I thought labor was incredibly, unbelievably painful. It was really helpful and reassuring to be told throughout from Kristi, my nurse, and the resident that I was doing really well. When the resident first told me, "You labor extremely well!", it felt like a little gold star and gave me something to hold on to. Until the transition part of labor, I was able to focus enough in the minute or two between contractions to talk to my husband and Kristi to request things (extra help, not to touch me, etc). We also came up with things I wanted to hear ahead of time. I especially asked for help staying in the moment (being told, "Just get through this one contraction, you just have this one to get through", etc) and the phrase for that were super helpful. I mentioned that when I got dejected and said things like "I can't do this!" that I be reminded I *am* doing it. Stuff like that was helpful. There were some phrases my husband learned quickly to stop saying when we were alone before checking in the hospital. When he said, "It's only a minute" during a contraction, I wanted to deck him. Ahead of time, I would have thought being reminded of that would be helpful, but I hated it during labor.

My biggest fear about going unmedicated was that if I was trapped on the bed, I wouldn't be able to handle the pain. Because of my husband and our doula supporting him, though, I was still able to labor on the bed, on my side. That was awesome.

With the epidural, I had an urge to push but couldn't feel much of anything else going on. Without it, the urge to push was way stronger and I could feel tons of different sensations as she descended. With the epidural, my mind was more in control. Without it, I had no time to really think things through and just had to do whatever my body was demanding.
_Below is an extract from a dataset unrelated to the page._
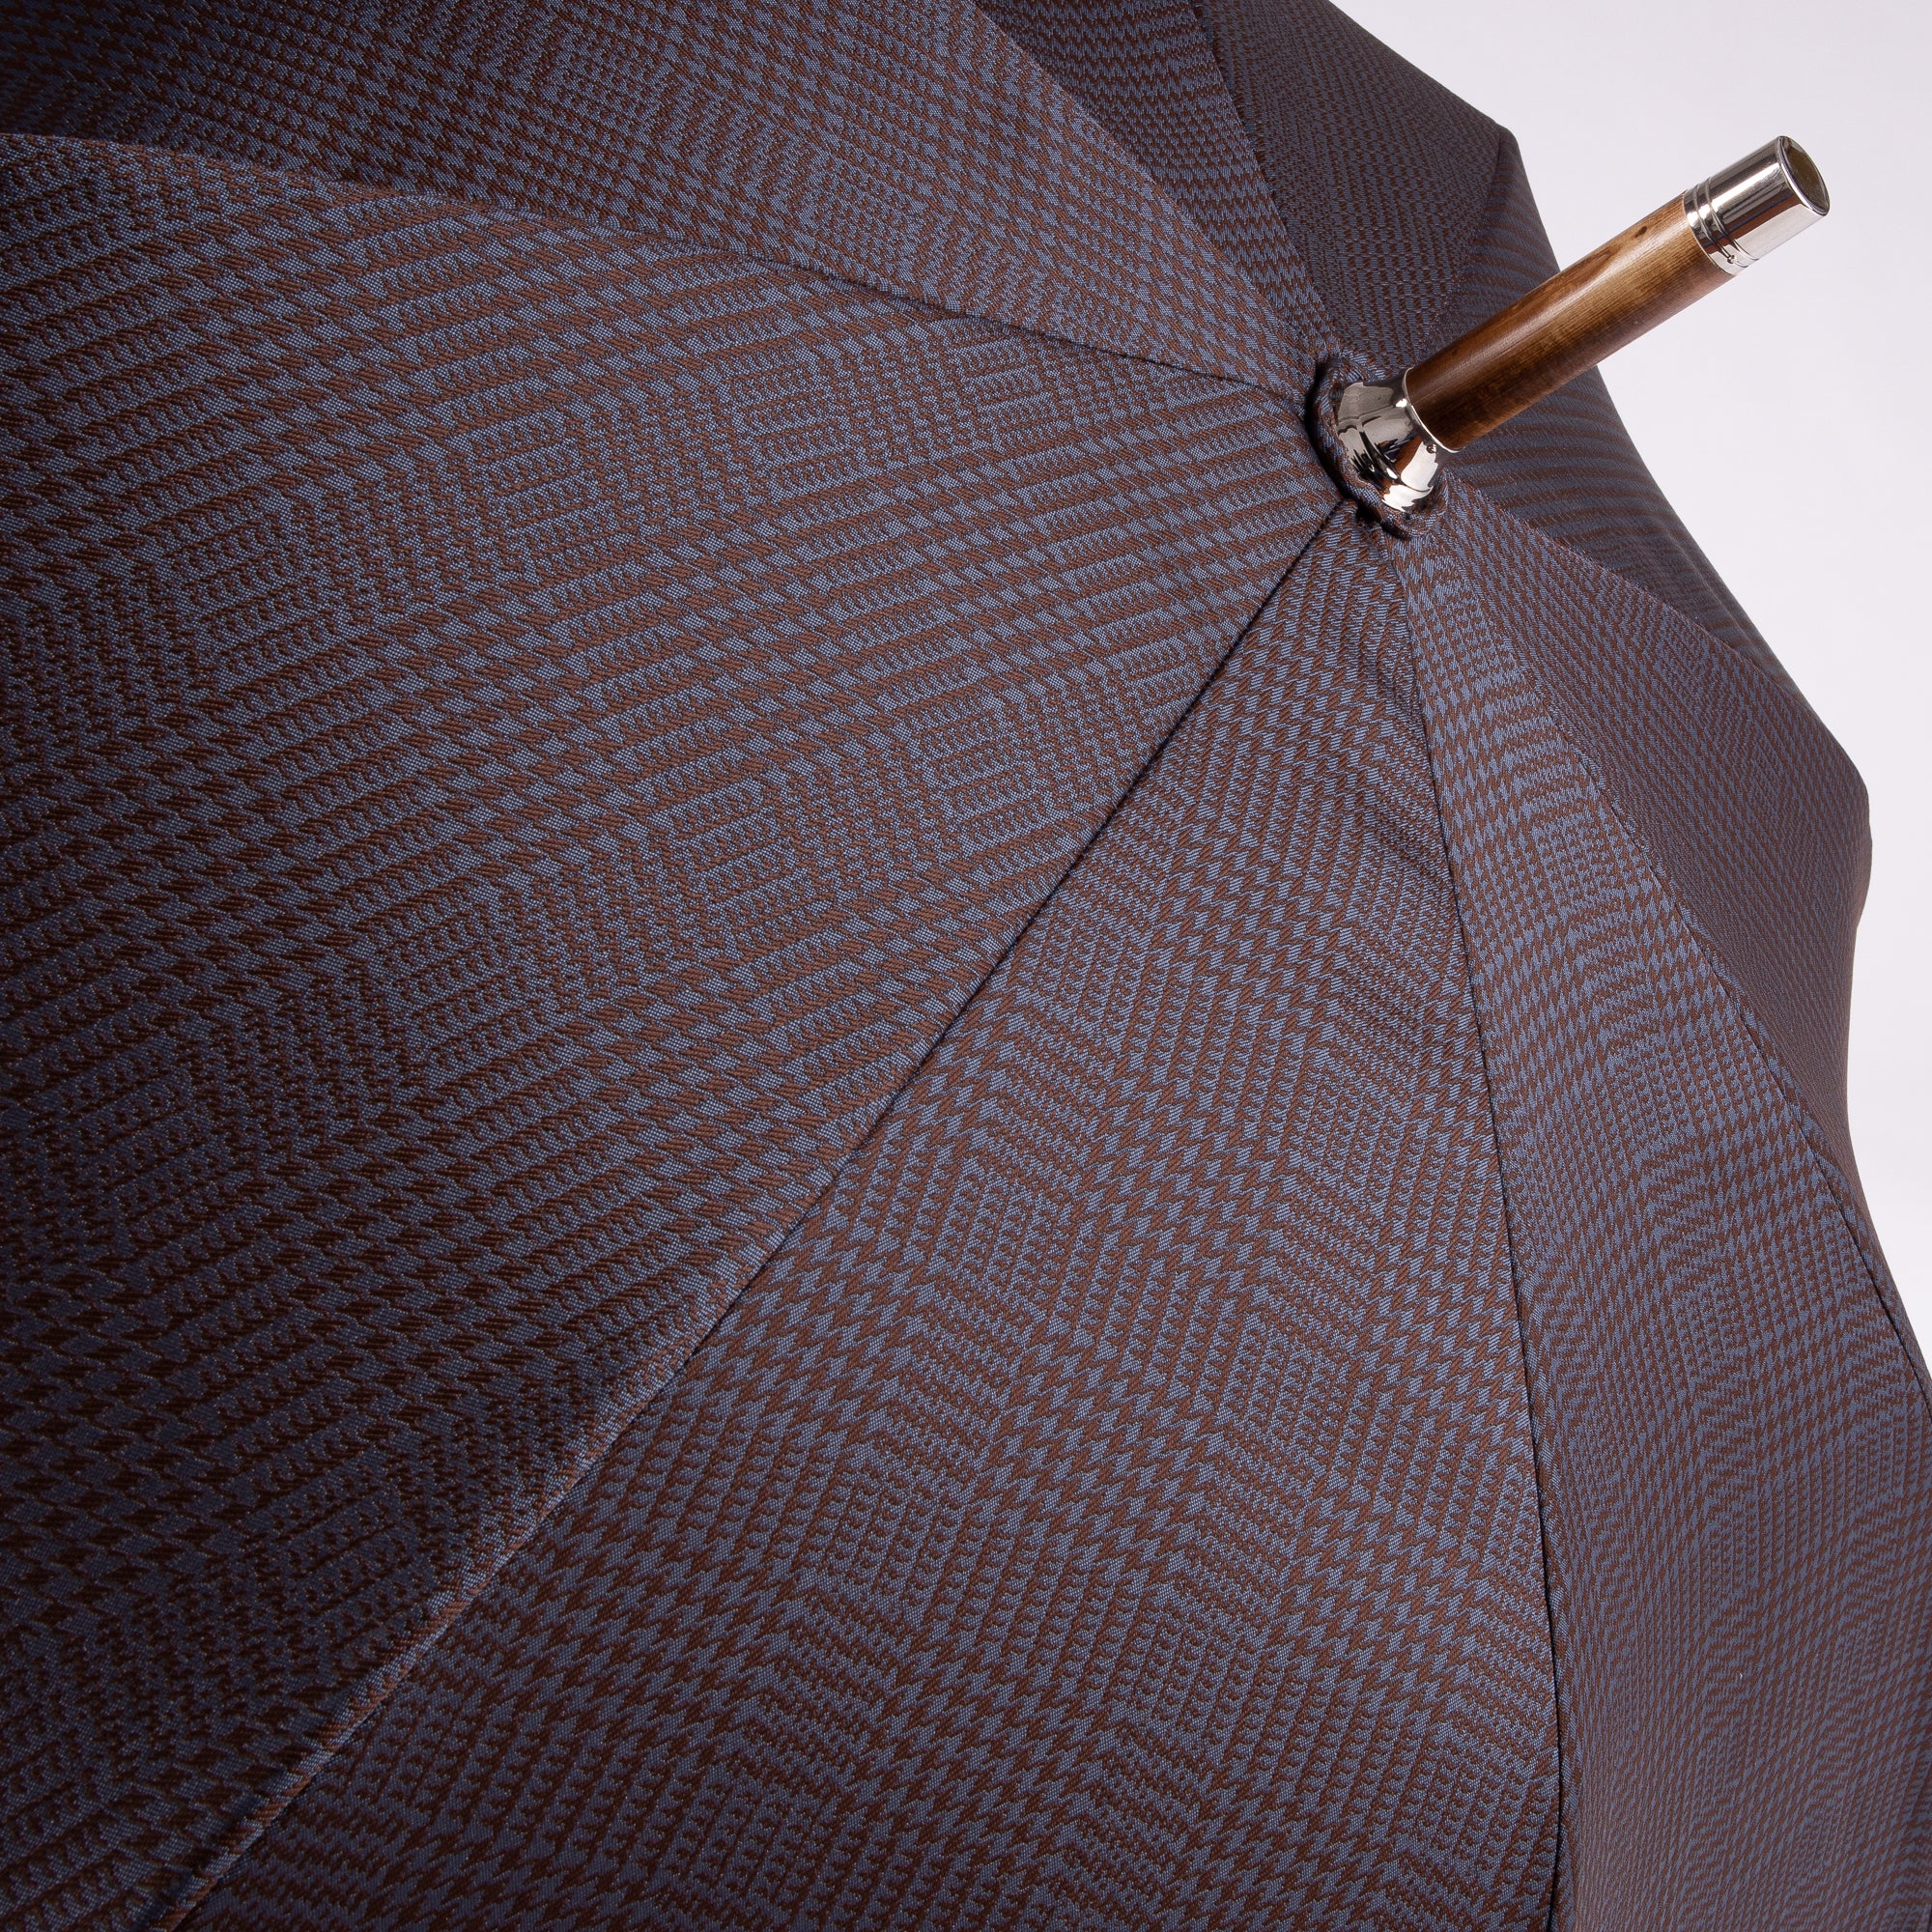 Polished Chestnut Umbrella

I'm not explaining it super well here, but that was a huge difference.

In the year since I’ve had Hazel, I think back to her birth and feel incredibly proud of myself and my body. I was able to do something that was a big goal of mine, and I know that having Kristi there to support me and my husband made an enormous difference. We’re done having children now, but if we were going to have another, I would want to have another unmedicated birth with Kristi’s help.